- Input data
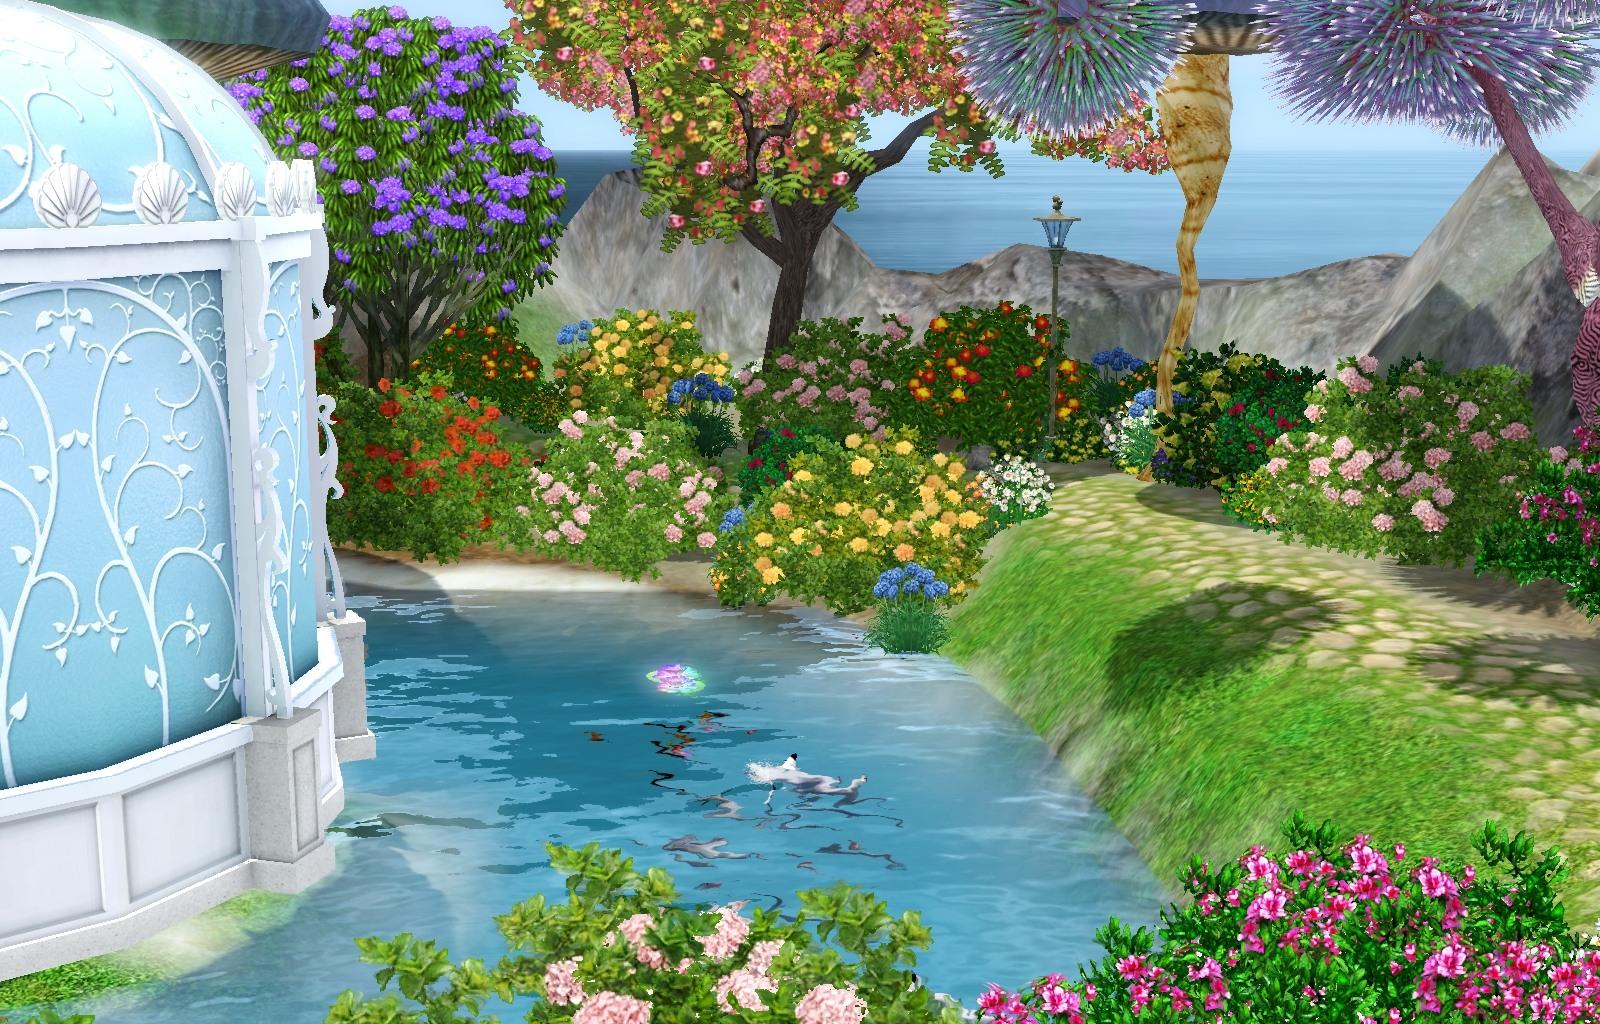 Mod The Sims - Secret Fairy Hangout
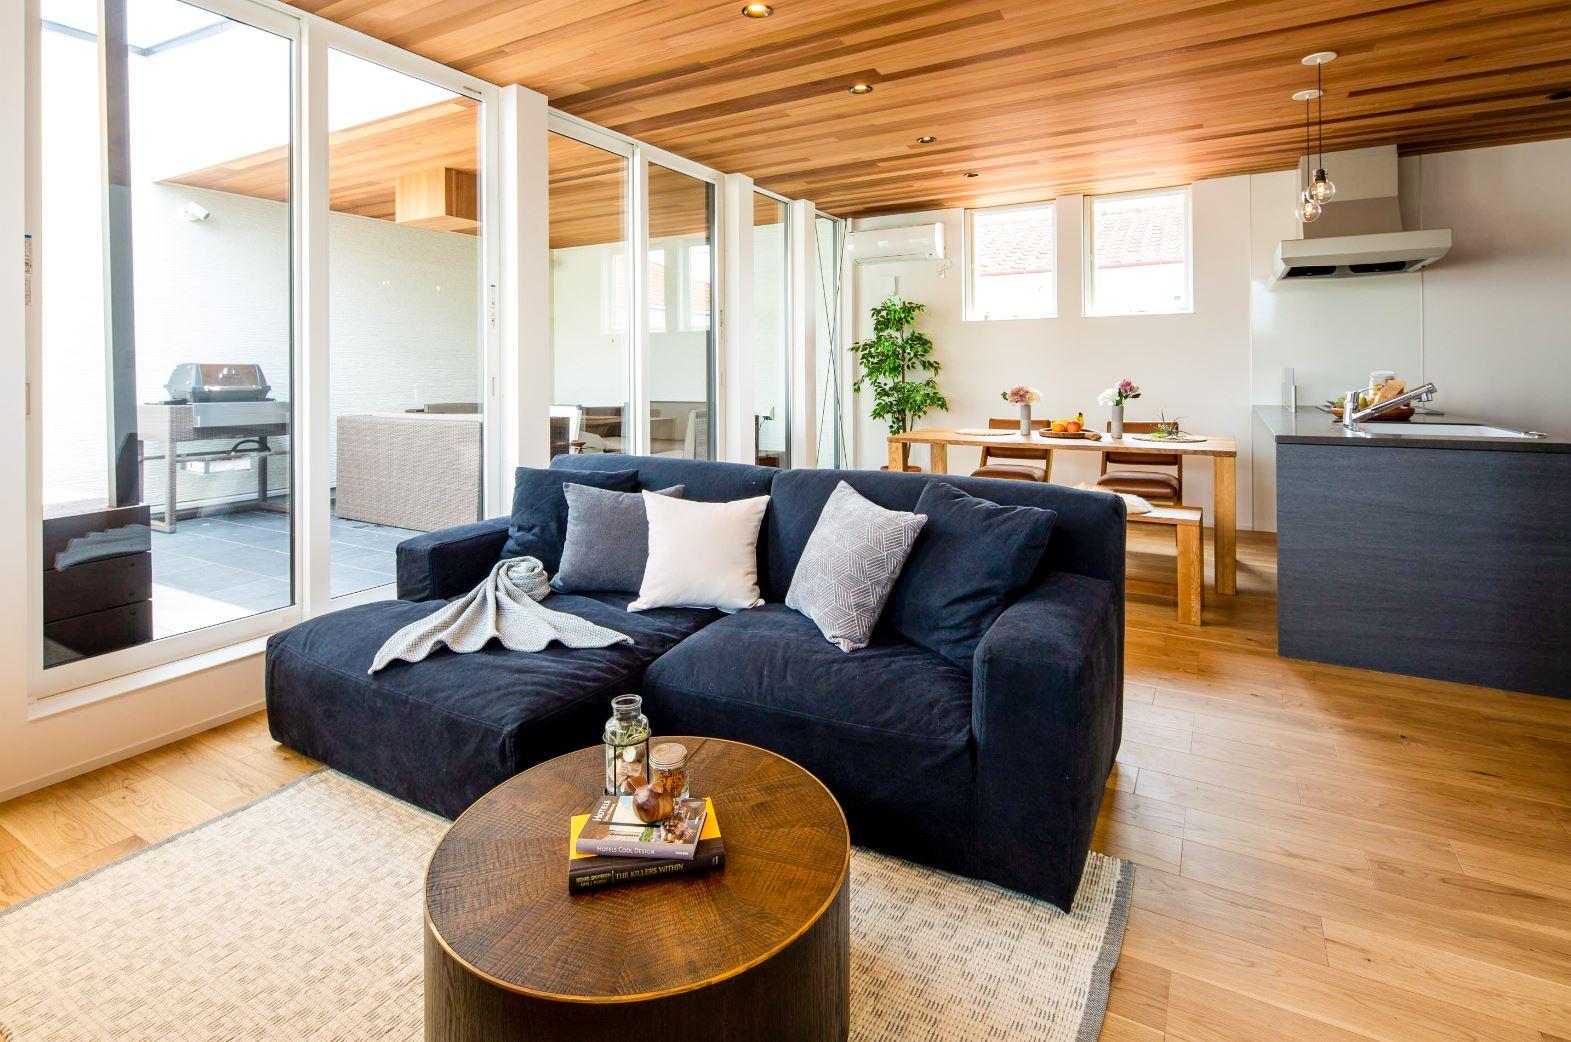 スタイルカーサ【浜松市中区飯田町・モデルハウス】2階のLDKは18畳のゆったり空間。リビングとテラスを壁で仕切るのではなく、大きなサッシを採用したことで視界が抜けていき、実面積よりも広く感じられる
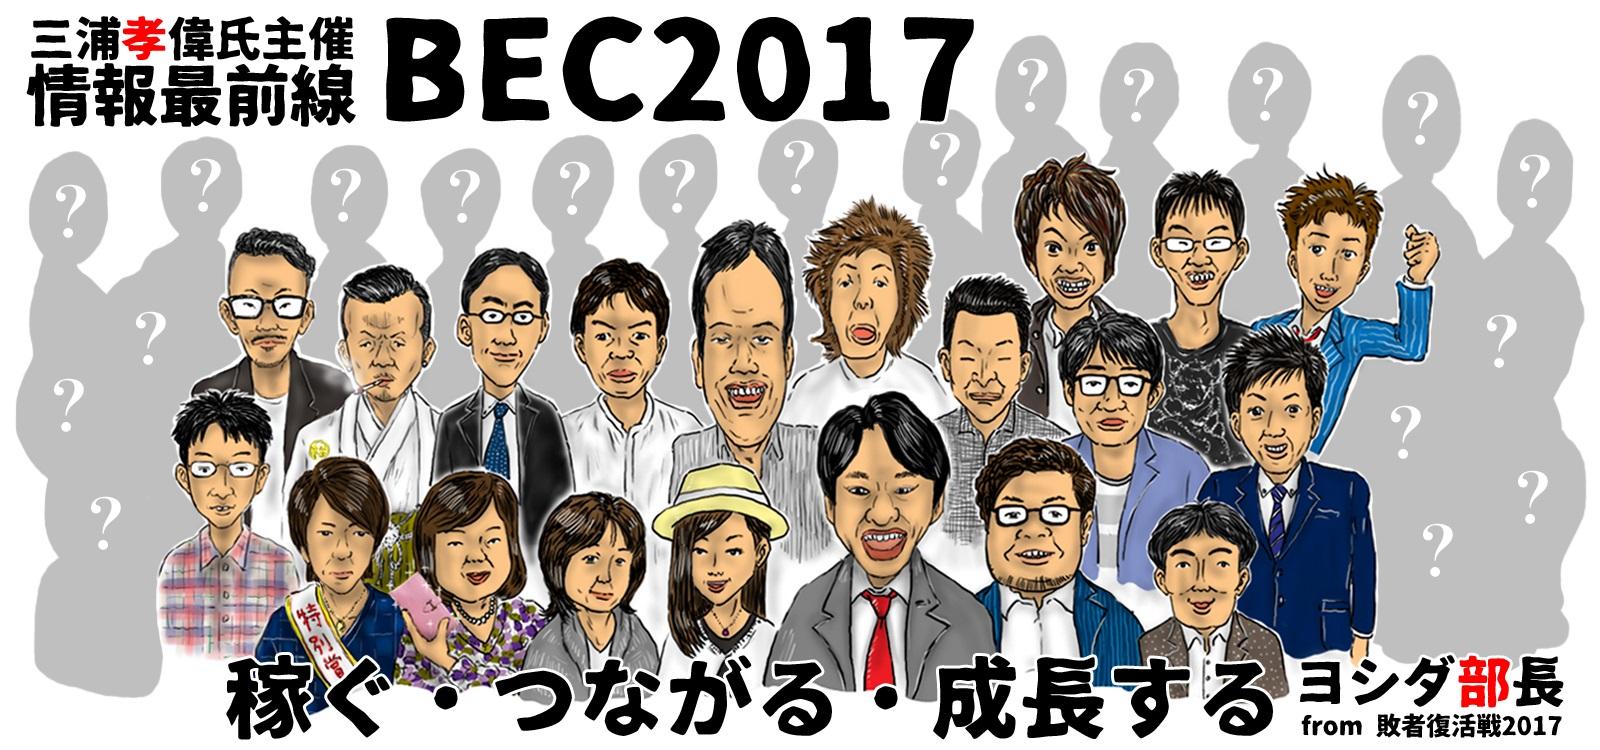 三浦孝偉 氏主催 BEC2017 情報最前線

- Exercise directions
Word-for-word transcript, pictures excluded: copy all the material above.

- Written reply
 Mod The Sims - Secret Fairy Hangout
 スタイルカーサ【浜松市中区飯田町・モデルハウス】2階のLDKは18畳のゆったり空間。リビングとテラスを壁で仕切るのではなく、大きなサッシを採用したことで視界が抜けていき、実面積よりも広く感じられる
 三浦孝偉 氏主催 BEC2017 情報最前線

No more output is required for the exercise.